= Sea queen =

1960s term for gay men who work aboard merchant vessels

Sea queens is a term referring to gay men who worked aboard mainly merchant vessels before the 1960s. They were predominantly effeminate men who worked in entertainment or as waiters on cruise ships, often acting as off-shore 'wives' for heterosexual sailors during voyages. They were also present in the Navy, as described in the nonfiction monograph Hello Sailor! The Hidden History of Gay Life at Sea by Paul Baker and Jo Stanley, which shares their stories and experiences. The use of Polari language and the attempted expulsion of gay male sailors in Newport, Rhode Island after World War I can also be traced back to sea queens.

== Written narrative ==

=== Hello Sailor! The Hidden History of Gay Life at Sea ===
During the 1950s and 1960s a large percentage of gay men began joining the Navy. In the Navy, gay men could be truthful about their sexuality. They used it as an outlet of freedom where they could express themselves, whether that was through different clothing or other traits and were able to do this without the fear of being discriminated against.

== Historical context ==

=== Polari ===
Gay men may have used Polari to communicate during these times.

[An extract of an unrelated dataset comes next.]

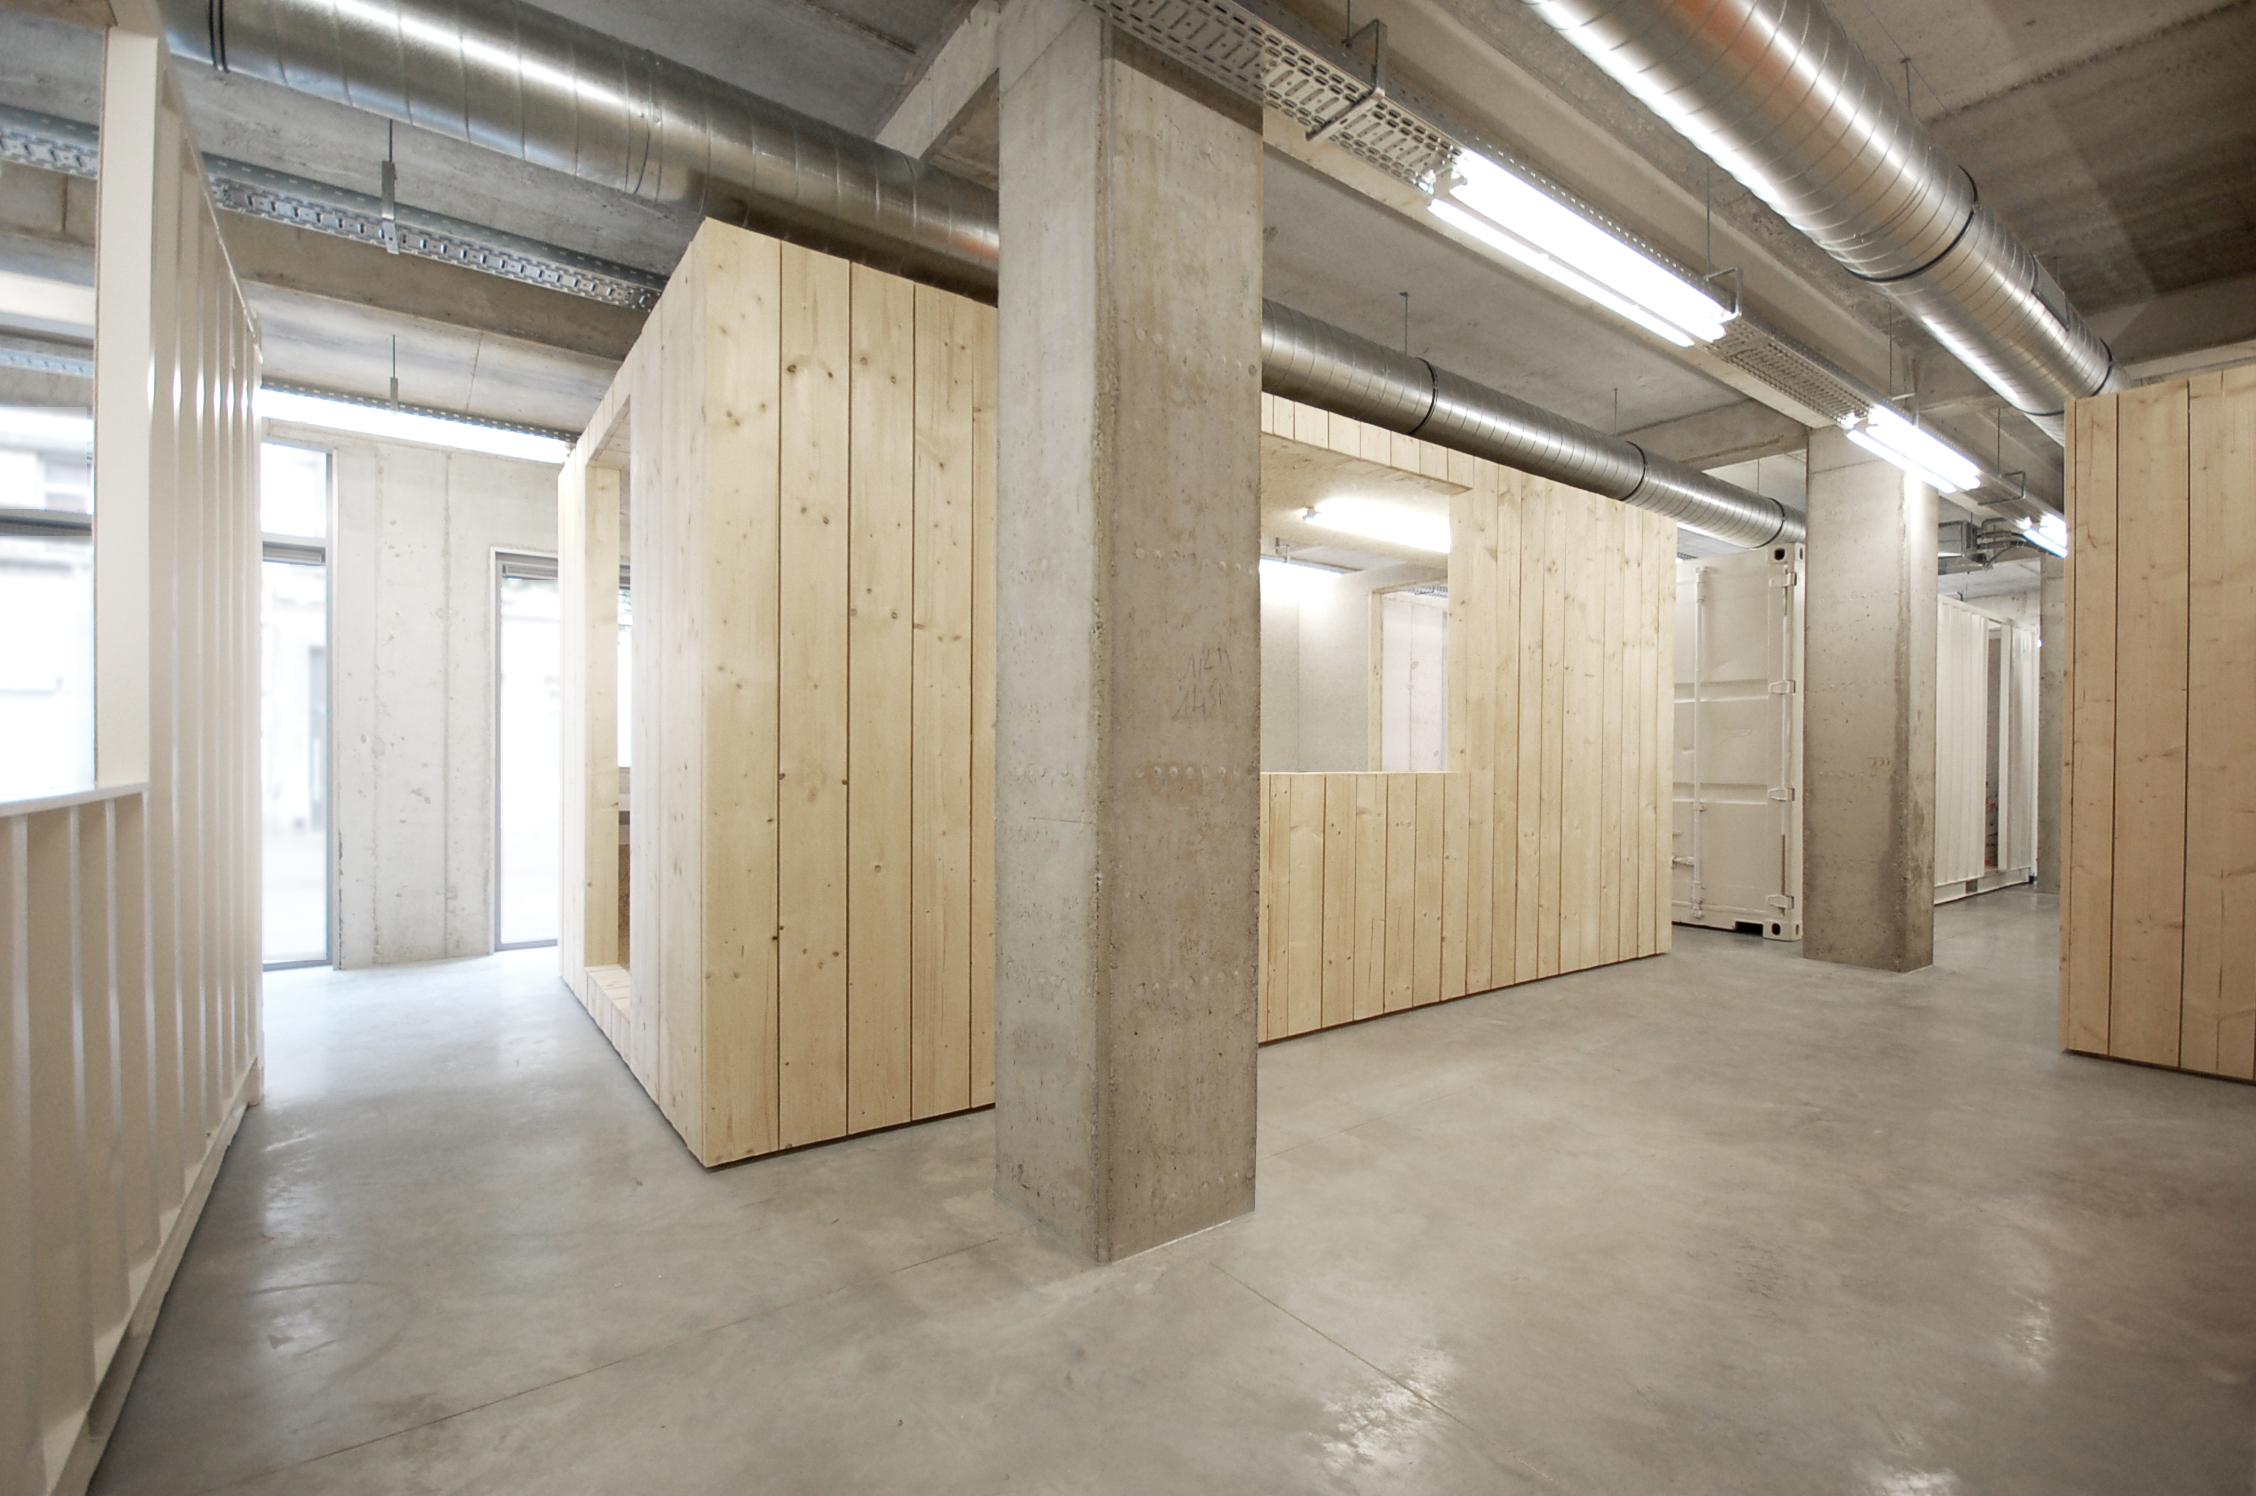 demeestervliegen-architecture-interior-interiorarchitecture-office34.jpg

Polari was a coded language used by gay men that used metaphors and coded or made up words to talk about the topic of homosexuality without others around them knowing.

=== Discrimination in Newport ===
The community of sea queens and the growing number of gays in the Navy was not the only event of this period. Other events reflected the surge in the gay population, but not all had positive outcomes. One notable instance occurred in Newport, Rhode Island where gay male sailors were targeted by the military, discriminated against, and even arrested for being gay.